Task goal: Nothing but an exact reproduction of the records, pictures excluded, should be returned.

___

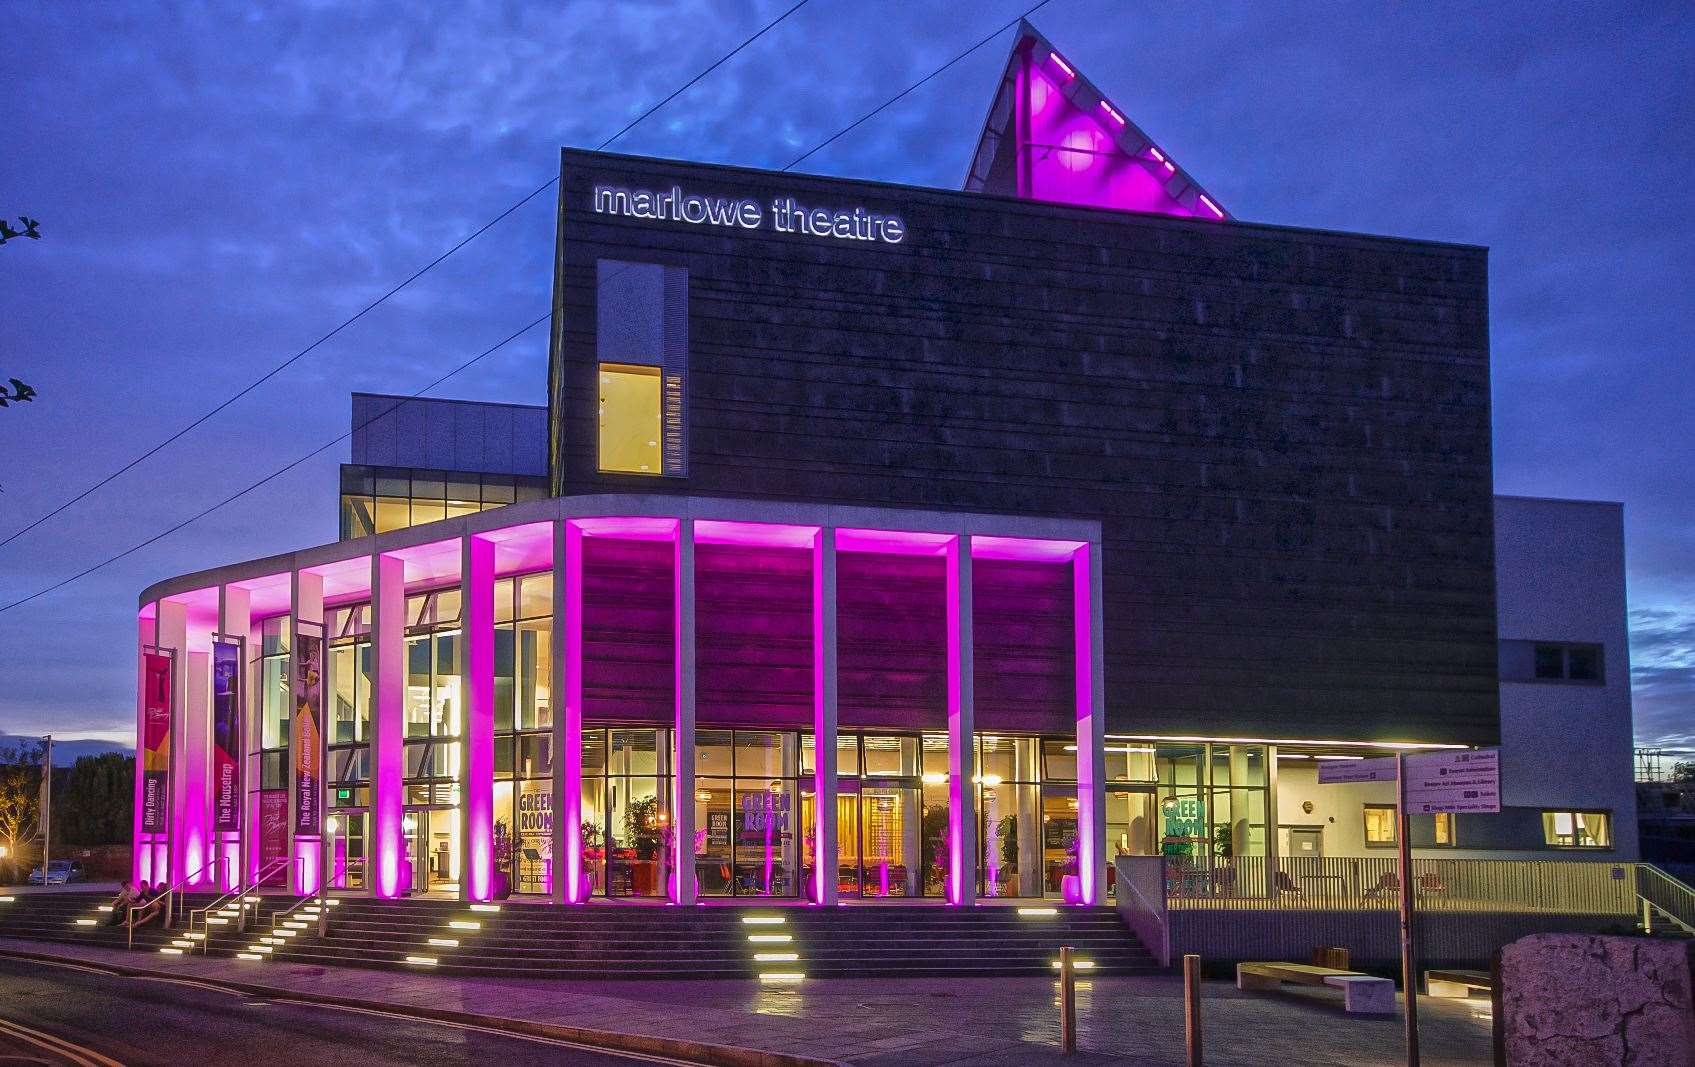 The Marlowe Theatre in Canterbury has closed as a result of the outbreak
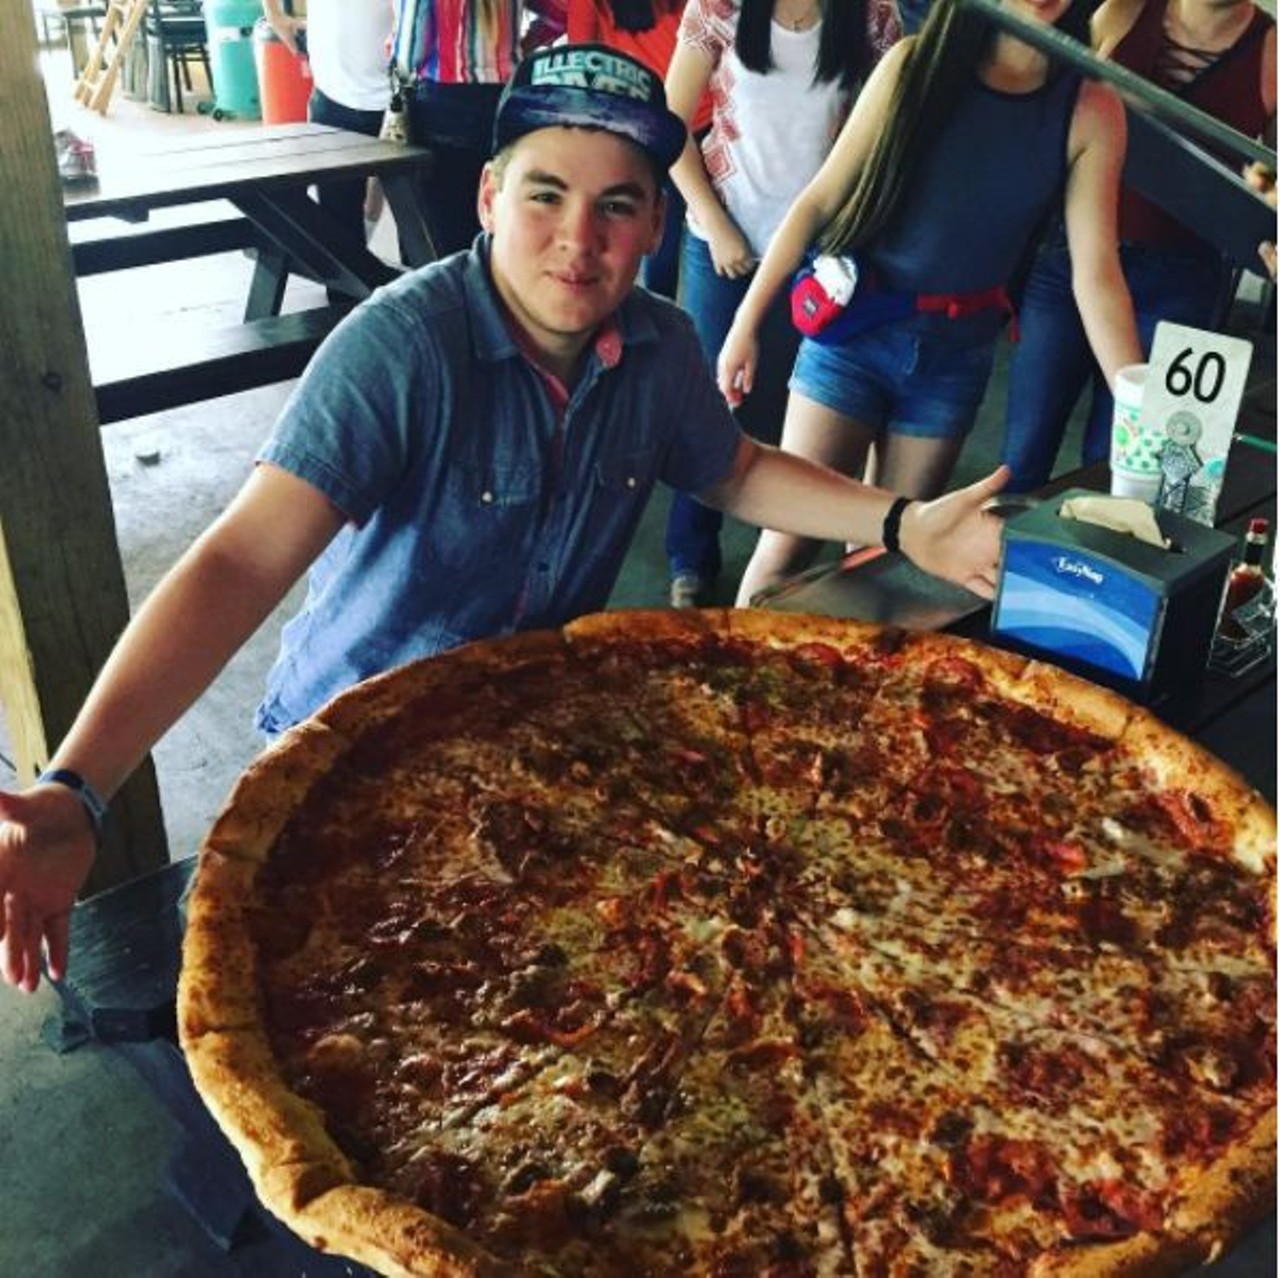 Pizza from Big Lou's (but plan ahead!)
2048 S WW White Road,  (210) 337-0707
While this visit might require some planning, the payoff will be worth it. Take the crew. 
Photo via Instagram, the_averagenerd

___

Answer:
 The Marlowe Theatre in Canterbury has closed as a result of the outbreak
 Pizza from Big Lou's (but plan ahead!)
2048 S WW White Road,  (210) 337-0707
While this visit might require some planning, the payoff will be worth it. Take the crew. 
Photo via Instagram, the_averagenerd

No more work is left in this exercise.